Im April vergangenen Jahres jedoch war sie es, die Trost suchte. Das Bild der Königin, die beim Begräbnis ihres Mannes Prinz Philip allein in der Kirchenbank trauert, ging um die Welt und löste eine Welle des Mitgefühls aus. Noch einsamer wurde es um sie, als im Dezember zwei Weggefährtinnen starben, mit denen sie jahrzehntelange Freundschaft verbunden hatte.

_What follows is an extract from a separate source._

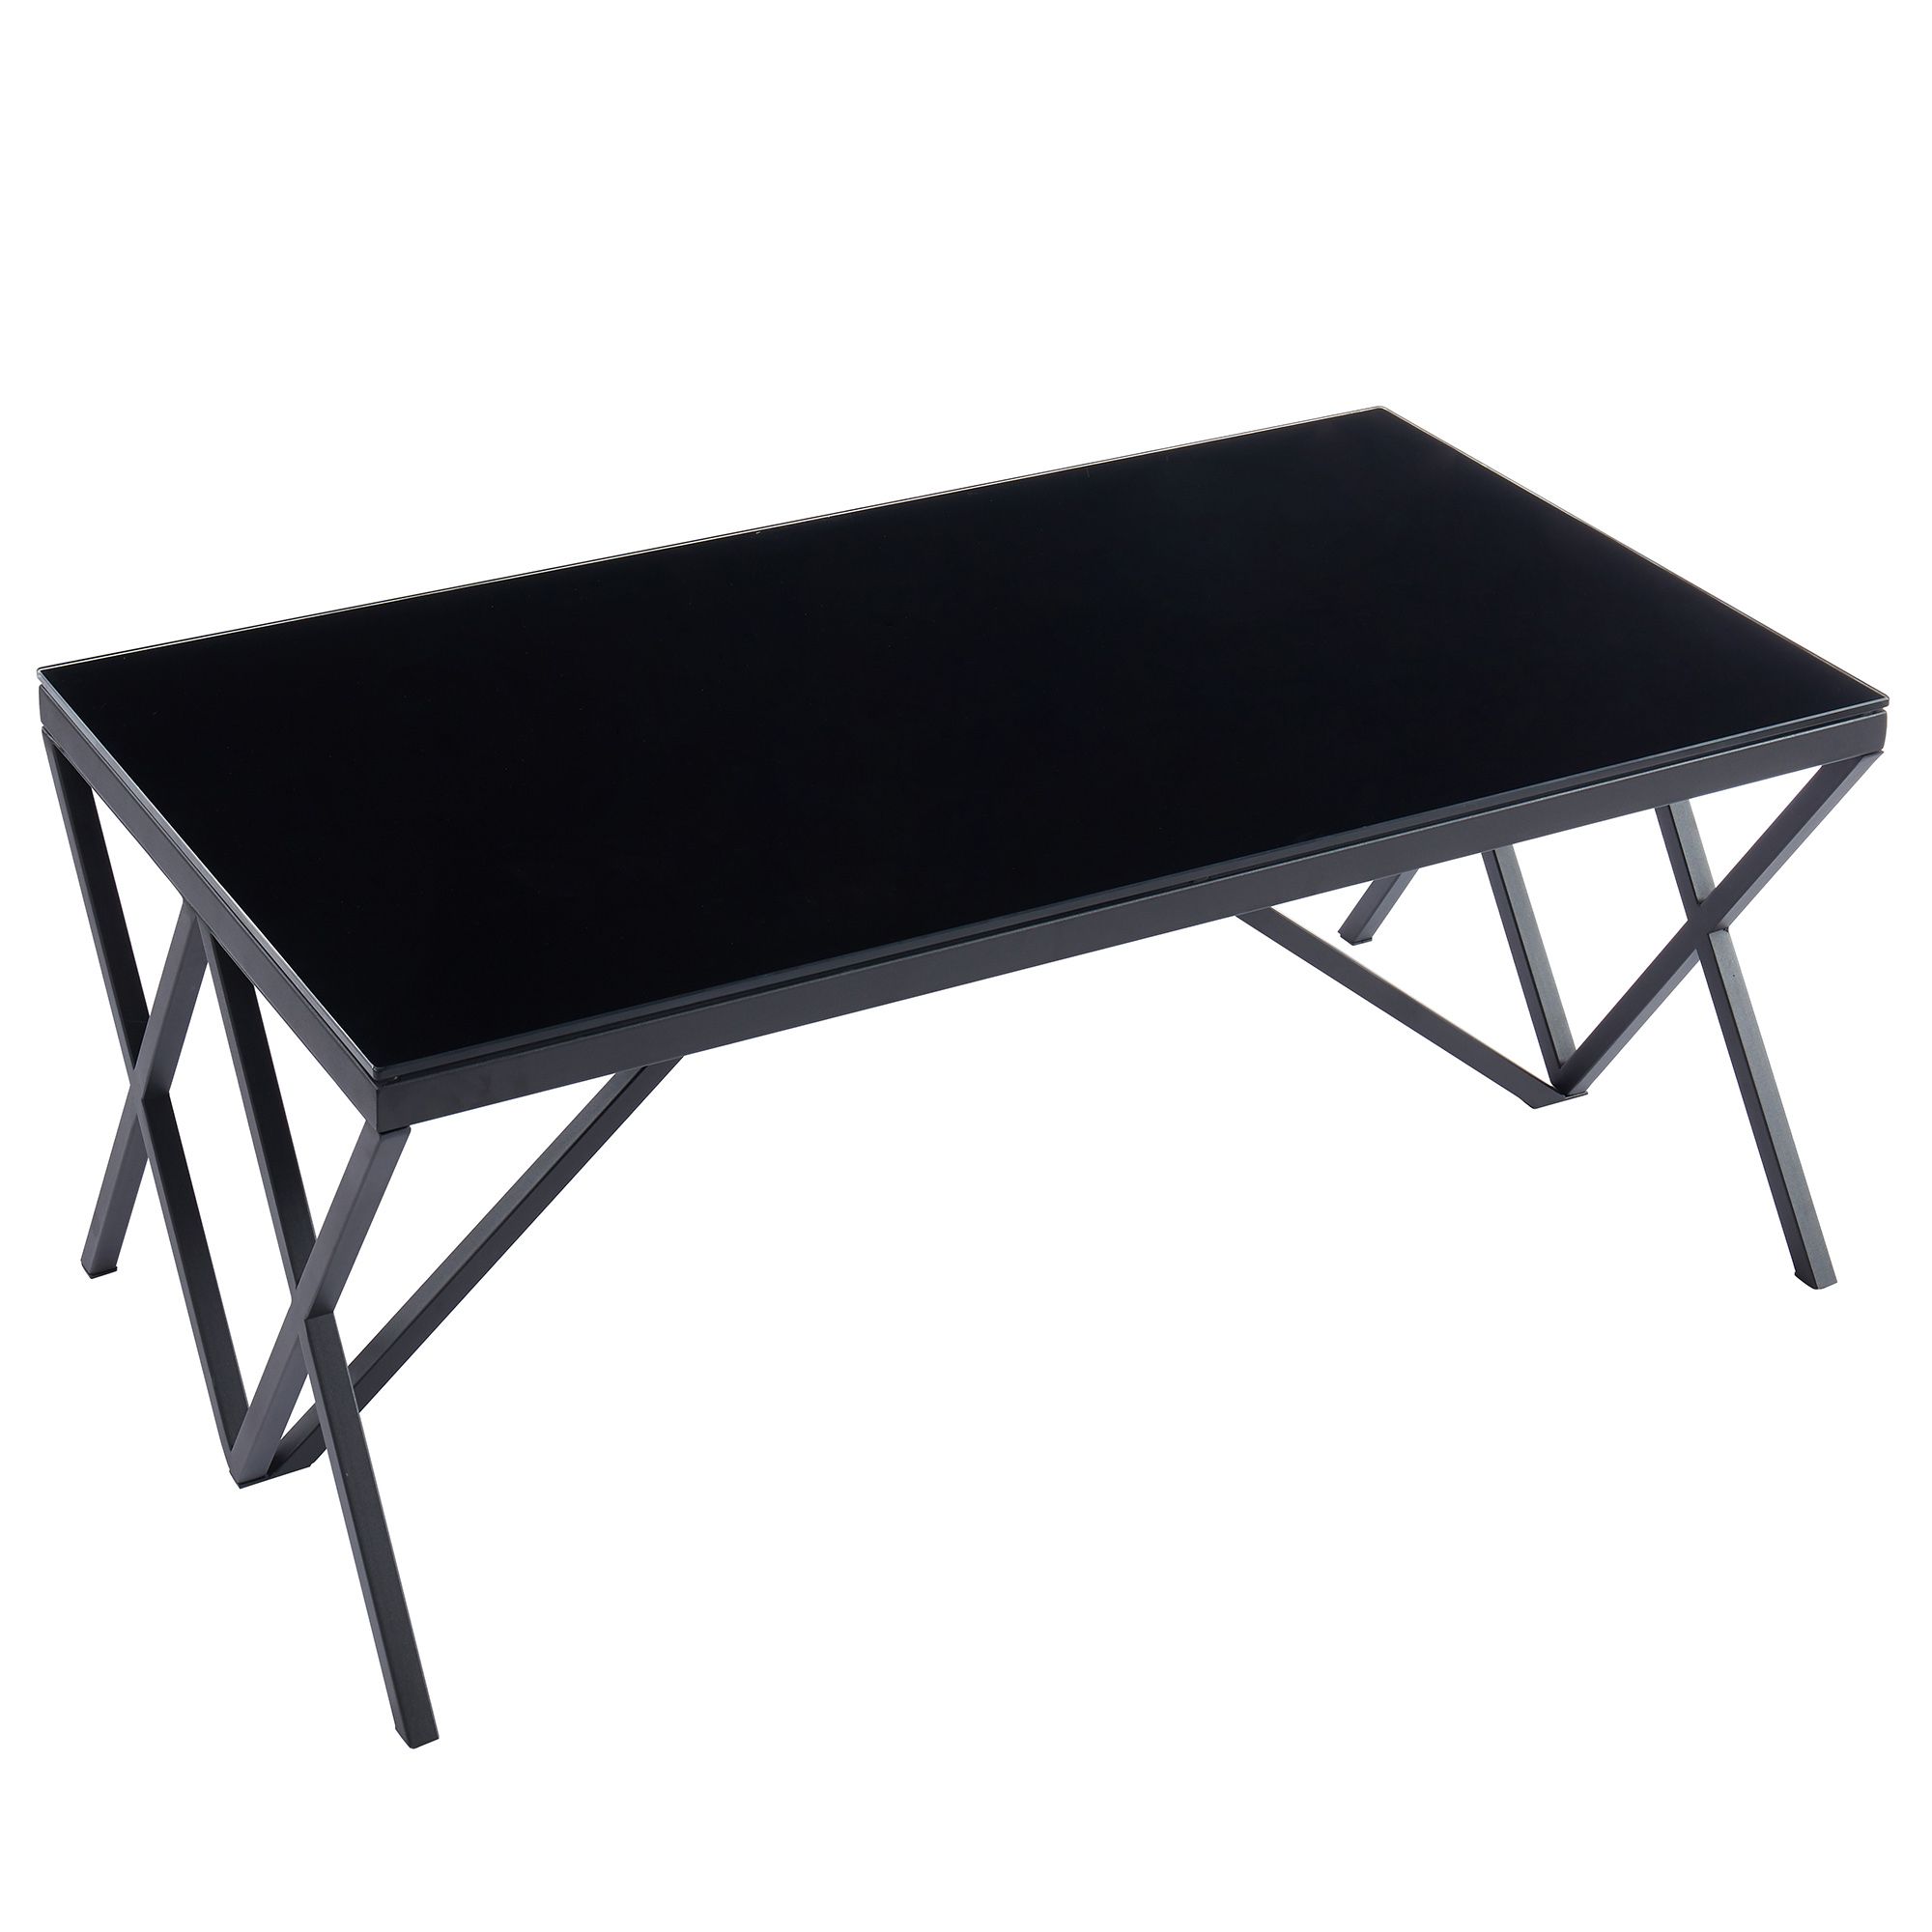 Calix Coffee Table In Black – Aux Merveilles Pertaining To Addison&amp;lane Calix Square Tables (View 19 of 20)

Zwölf Premierminister und drei Premierministerinnen regierten unter der Königin, die noch am Dienstag Liz Truss zur neuen Regierungschefin ernannt hatte. Den Rekord ihrer Ururgroßmutter Queen Victoria von 63 Regierungsjahren hatte die Monarchin schon 2015 gebrochen. Bis zu ihrem Tod war sie das älteste und das am längsten gegenwärtig amtierende Staatsoberhaupt der Welt. Als die am längsten regierende Monarchin in der Geschichte Großbritanniens hat sie die Monarchie von der Nachkriegszeit ins 21. Jahrhundert geführt. Mit ihrem Tod endet eine Ära.